A non-profit with a vast array of contacts in the utilities, finance, and policy sectors of the industry, ACORE is producing notable research, including the US-China Quarterly Market Review and the Renewable Energy in America interactive report,
So where does higher education sustainability fit into all this?
It seems intuitive to consider renewables as part of the equation for lowering the climate impact of a college or university, but there are challenges (e.g. financing, leadership approval) with which higher education institutions continue to grapple. This workshop helped to bring to light the ongoing challenges, but also the opportunities and benefits of renewable energy in higher education institutions.
ACORE has had a Higher Education Committee for a few years now, but this year marks the first time ACORE has held a Higher Education Workshop during the RETECH conference. Though the focus was on renewable energy, the workshop allowed for discussion across a range of topics–from curriculum development to campus research to strategies to achieve carbon neutrality.
With a group of about 20 participants, the workshop ran for four hours, and included three different sessions:
- Integrating Renewable Energy into Curricula
- The Role of Research: Opportunities and Respective Roles
- Achieving Zero Carbon Campuses by 2050.
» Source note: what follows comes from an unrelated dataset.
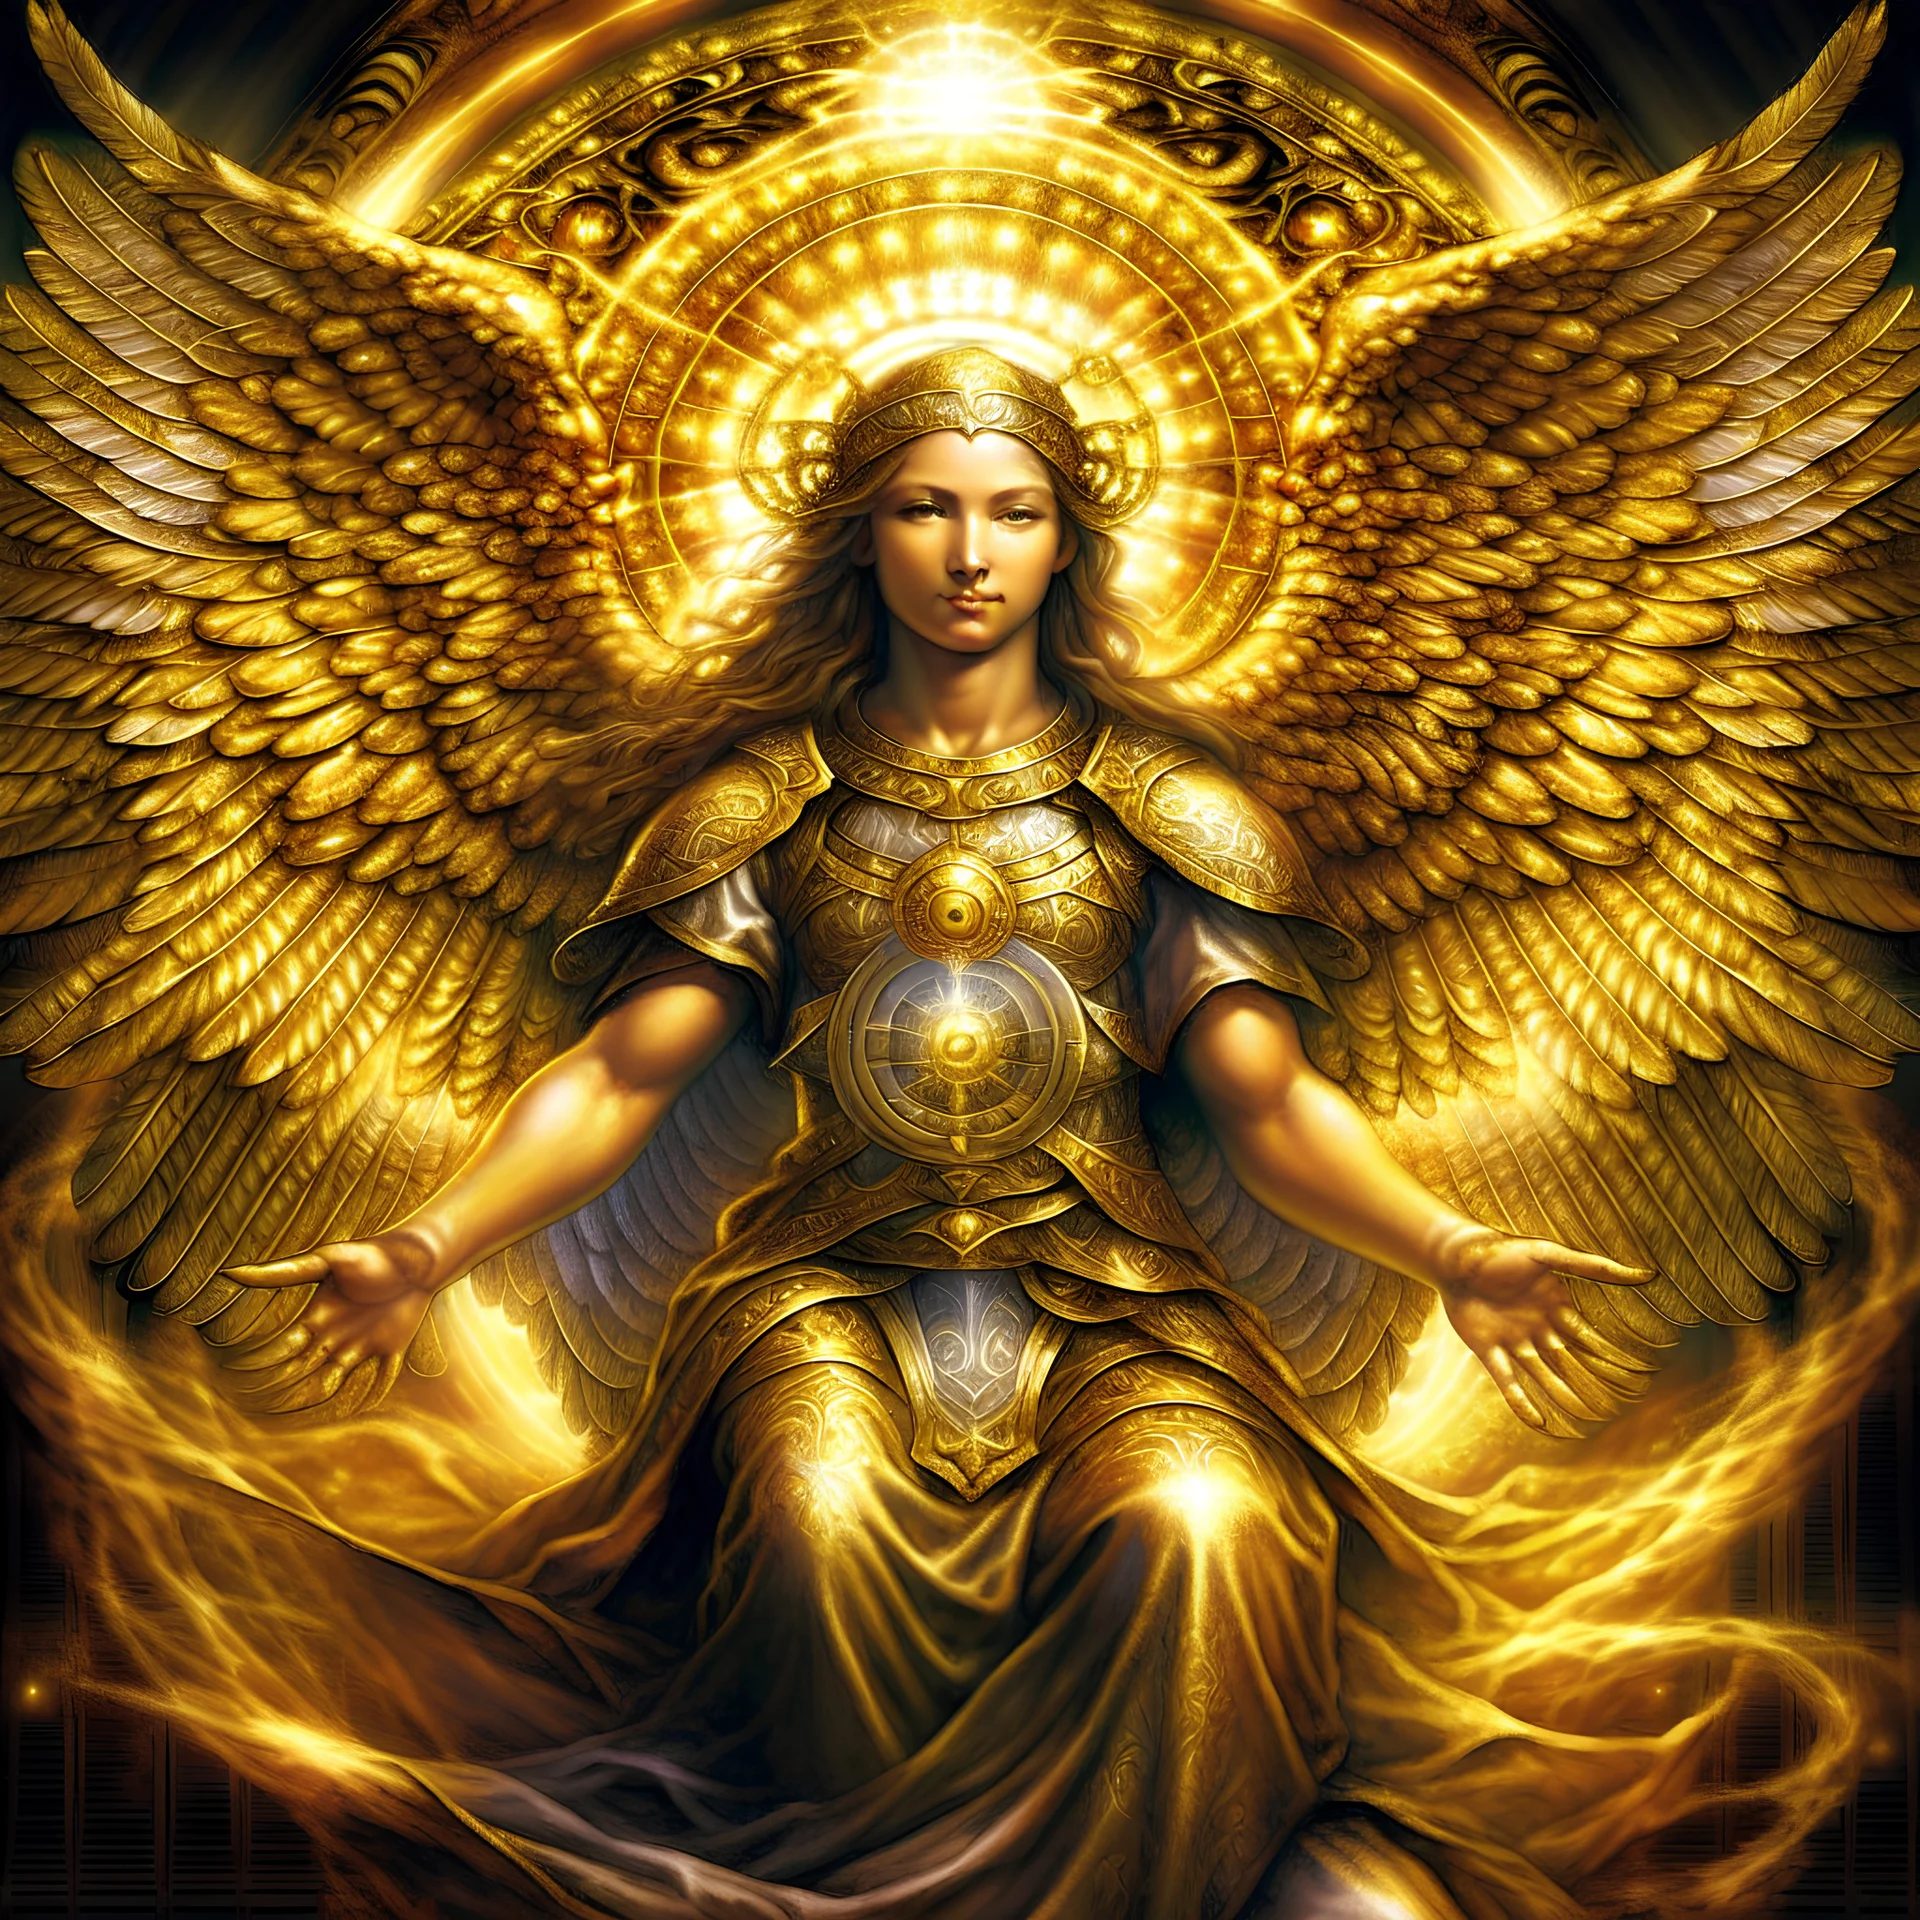 archangel metatron

In the third session I presented on AASHE’s initiatives to promote campus climate neutrality and renewable energy, alongside Blain Collison of the EPA’s Green Power Partnership Program, as well as engineer Doug Maust who worked on the construction of the University of Minnesota’s wind turbine.
Three, key themes that came out of the workshop discussions and the following day’s full member meeting were:
1) Renewable energy plays an essential role in the growing movement towards sustainability and climate neutrality in higher education.
2) Partnerships between campuses and higher education associations as well as other sustainability organizations can further understanding of how renewable energy can play a role at higher education institutions.
3) Renewable energy initiatives on campus can pose valuable benefits beyond lowering the ecological footprint of the campus.
As an example of the last, Angela Halfacre, professor and Director of the Shi Center for Sustainability at Furman University, discussed the ways in which renewable energy initiatives were integrated into Furman’s curriculum. One of the eight solar arrays on this small liberal arts campus in North Carolina was installed completely by students. Dr. Halfacre also led a course for twelve students, “Conservation and Renewable Energy May Experience,” structured to challenge students to conduct research and present their findings in a month-long capstone format.
As hubs of innovation and research, higher education institutions have students, faculty, and staff with the ability to test, teach, and talk about renewable energy technologies. The sharing of knowledge, challenges, successes, is intrinsically built into the culture of research and education. This highlights the unique opportunity that higher education institutions have to develop and advance renewable energy technologies, with ripple effects that can far surpass the boundaries of a campus and direct reduction in resource consumption.